Ей сделалось легко. Она сорвала с вешалки кожанку и, влезая на ходу в рукава, побежала по белому коридору Потешного дворца.

121

Юдифь напрасно поругалась с Каменевым. Жилья в Москве было сколько угодно: дома опустели, входи и живи. Наташа Толкачева, служившая теперь в Совнаркоме, сказала, что достанет квартиру лучше Каменева. Юдифь быстро шла в Козицкий, к Наташе, остывая от запоздалых революционных речей о спекулянтах. Она не выносила пустословия. В Наркомпросе ей тоже — не служить. Завтра она пойдет к Крупской — надо же что-то делать.

Она приехала в Москву с Ивановым. В товарном вагоне лежали мешки с хлебом, возле двери стоял приготовленный пулемет. Иванов устроил ей постель на мешках. Было жестко и пахло сыроватой половой. Иванов был трогателен. Он велел красноармейцам курить возле двери. «Если вам что-нибудь понадобится — скажите. Остановим поезд». Отряд был запаслив: большой кусок сала в тряпице, спирт в какой-то странной банке с крышкой на баранчиках и целый мешок мраморного мыла. «Выходите за меня замуж, — сказал Иванов и поспешно добавил: — После войны, конечно…» Она отшутилась, а он обиделся.

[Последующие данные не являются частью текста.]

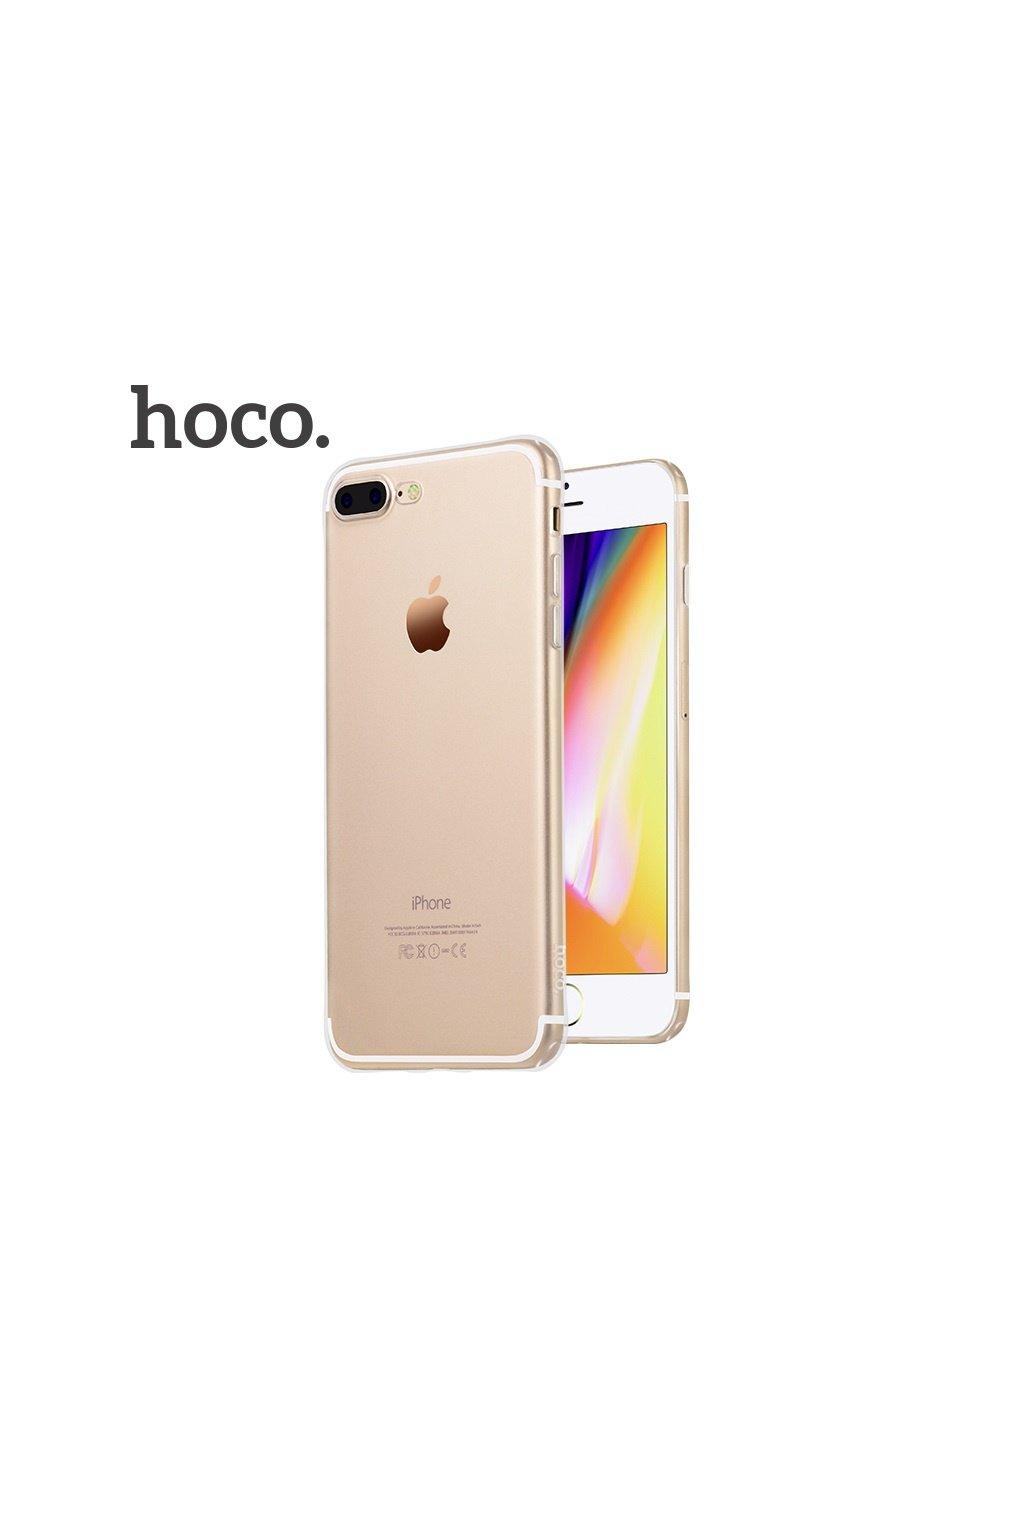 2063 hoco transparent zadni kryt iphone 7 8 plus ciry

А что? К Иванову! Он сейчас в «Национале»! И — на фронт! Кобу! Кобу все равно уберут из Царицына! А может быть, уже убрали? К черту!

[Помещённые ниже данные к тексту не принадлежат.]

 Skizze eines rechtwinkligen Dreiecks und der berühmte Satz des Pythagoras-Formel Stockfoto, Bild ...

По Моховой, по Охотному шел длинный отряд красноармейцев, шел тяжело, устало, голодно. Наверно, кашу дадут при погрузке. Запах махорки и сапожной ворвани тянулся в морозном воздухе. Красноармейцы были в сапогах. Вдоль идущих ездил взад-вперед на небольшой лохматой лошадке человек в кожанке и с маузером на боку.

Из «Националя» вышел кто-то в шинели с наставленным воротником, высокий, согнутый холодом. Юдифь едва разминулась с ним, как высокий человек этот обернулся:

— Ю… Это — я…

— Па-авел! — закричала Юдифь. — Па-авел!

Он подскочил к ней, поднял, стал дышать в лицо:

— Ю… Я здесь…

Он был жив. Тогда, в прошлом году, анархисты начали было уничтожать Коршуновский завод как источник эксплуатации, но успели взорвать только ворота. Мастеровые отстреливались от анархистов, и в перестрелке погибли несколько человек с обеих сторон. Известно было, что мастеровыми командовал инженер — бывший царский капитан, — который пропал куда-то после стрельбы.

Но это он расскажет ей потом. Он расскажет ей, как искал ее и как в Питере ему сказали, что она погибла под Царицыном. А пока она плакала и что-то кричала, а он прижимал ее к своей шинели, выдавливая веками слезы и бормоча: «Ю, я здесь, Ю, я здесь…»

— Чего орешь? — дружелюбно спросил какой-то человек в бушлате, с карабином на плече. — Нашла, дык песни петь надо…

— Товарищ! — закричала бушлату Юдифь. — Это мой муж! Он жив! Он жив!